If you were designing a cryptosystem you'd pick the one where the security lies in the key and not in obfuscation. The same applies when designing an attack you want to keep secret.

cpeterso · on Aug 15, 2013

Linux's /dev/urandom does not trust hardware RNGs any more than other entropy sources. All entropy sources are stirred into the same entropy pool.

ballard · on Aug 15, 2013

Does it use multiple pools a-la Fortuna?

__alexs · on Aug 15, 2013

There's an input pool and 2 output pools but it's not like Fortuna. This is the most up to date analysis of the Linux entropy system I'm aware of http://eprint.iacr.org/2012/251.pdf

gizmo686 · on Aug 15, 2013

No you don't. The only time you need to worry about the NSA having a back door into your random number generator is if you are worried either about the NSA attacking you (in which case you probably don't have a chance anyway), or are worried that some learned of the NSA's back door and is exploiting that.

derefr · on Aug 15, 2013

That reminds me of a question I've been pondering on-and-off for a while: is it possible even in theory to use Sufficiently Advanced Mathematics (e.g. homomorphic encryption) to build a trusted computation environment on top of an untrustworthy foundation?

For example, I want to run a VM on EC2, knowing the NSA's after something I have. Is there some way I could, even theoretically, build my VM, that would protect it from the NSA compelling Amazon's cooperation in ripping the data right from my VM's memory at the hypervisor level?

tptacek · on Aug 15, 2013

Possibly. For instance, look up some papers on White Box Cryptography; these are implementations of things like AES designed to run AES computations on untrusted platforms without revealing their key (the key gets "baked in" to the code that runs the algorithm in such a way that it's theorized to be cryptographically hard to extract the key from the algorithm).

You are getting into the flip side of the DRM coin here; put differently: if there's a way to do what you want, there's also a way for the MPAA to do what it wants on PCs.

Personally, I think there is, at least in the dollar-cost model of security.

bch · on Aug 15, 2013

I'm out of my depth here, but since this conversation seems precise, and is discussing theoretical and practical implementations, does this paper[1] factor in? If so, is it fair to say that at some level, without auditing every aspect of hardware, and every aspect of all software used at build time and runtime, you can't know?

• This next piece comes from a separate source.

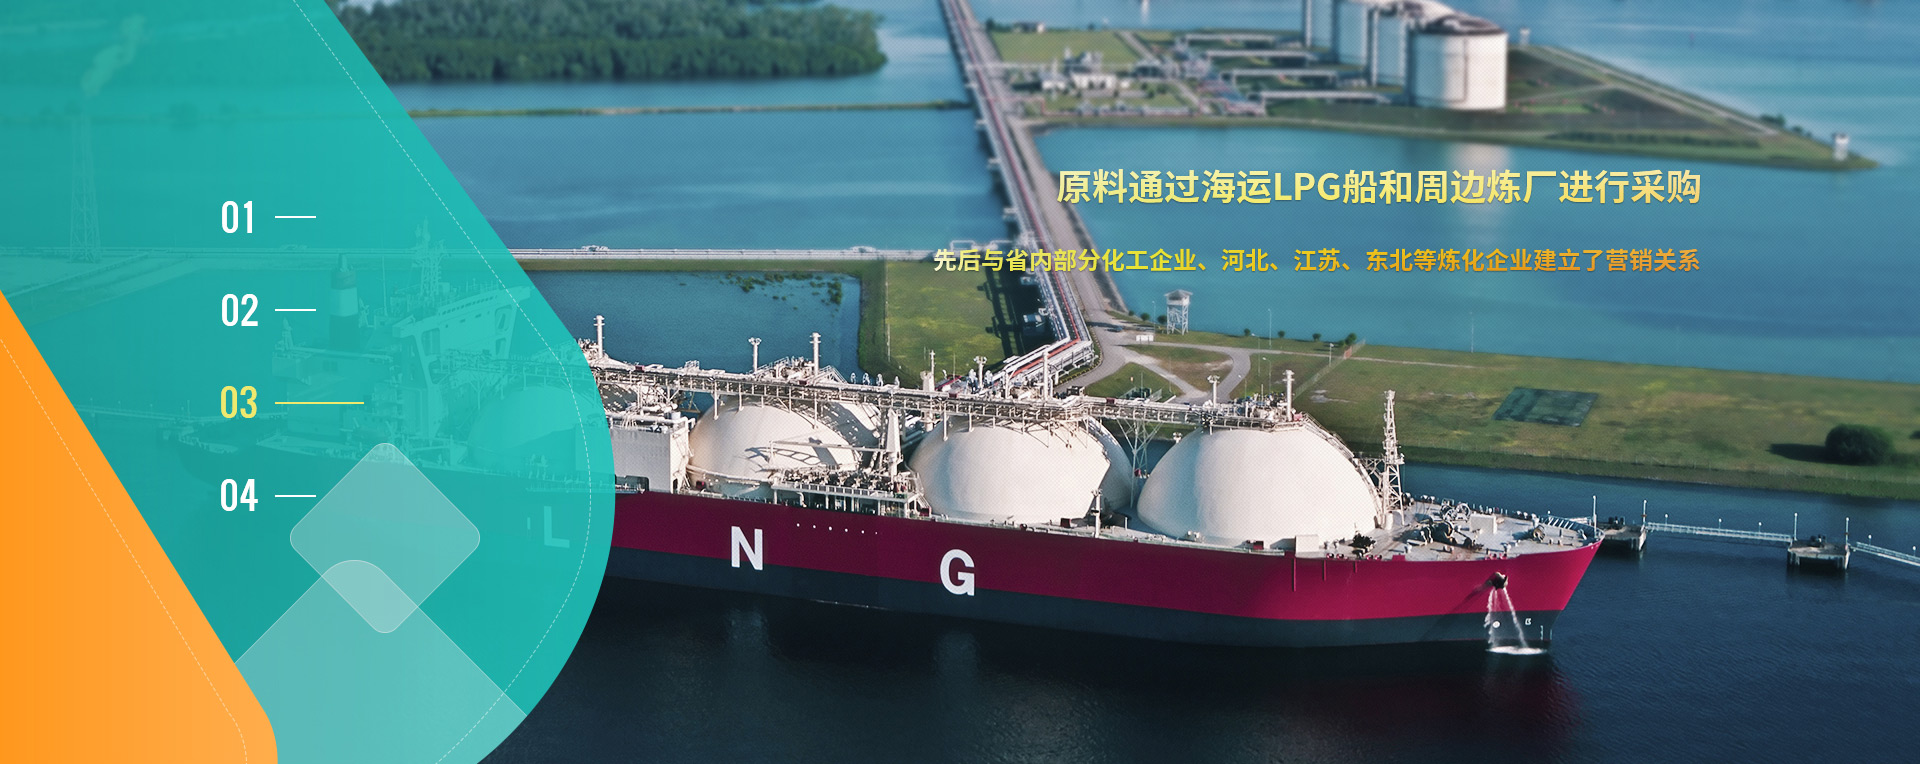 原料通過海運LPG船和周邊煉廠進行采購

[1] http://cm.bell-labs.com/who/ken/trust.html

ballard · on Aug 15, 2013

It's a good insight. There is distinction between I/O (rendering the video and audio to the host) and computations of a seemingly blackbox. Would also be an interesting avenue for malware to grow into if possible. The problem is there's always been decryption code that has to live somewhere that effectively unlocks the whole thing. Edit: PyPy but zk computing for malware.

homeomorphic · on Aug 15, 2013

Wouldn't this make nice foundations for hardware cryptographic tokens such as CryptoStick?

sweis · on Aug 15, 2013

We're working on a similar problem at PrivateCore: Protecting VM data in-use on outsourced infrastructure.

We're running a high-assurance, remotely attestable hypervisor inside the CPU cache and encrypting all access to main memory. This protects against threats from the physical layer, like cold boot, DMA attacks, NVDIMMs, bus analyzers, etc.

It's not quite what you're talking about in your Amazon and NSA scenario. Amazon doesn't let you bring your own hypervisor to run on bare metal and the NSA can compromise the CPU itself.

However, our approach does give you assurance that someone with physical access can't easily snapshot your VM memory.

derefr · on Aug 15, 2013

> remotely attestable hypervisor

How does this bit work, by the way? What's stopping an altered hypervisor from lying to say it's unaltered? (This is the classic "how do you verify a player on your FPS isn't running a bot instead of a game-client" problem in a nutshell.)

sweis · on Aug 15, 2013

Today we rely on the TPM to measure the state of the system using Intel TXT. These measurements are stored in platform configuration registers (PCRs) on the TPM device.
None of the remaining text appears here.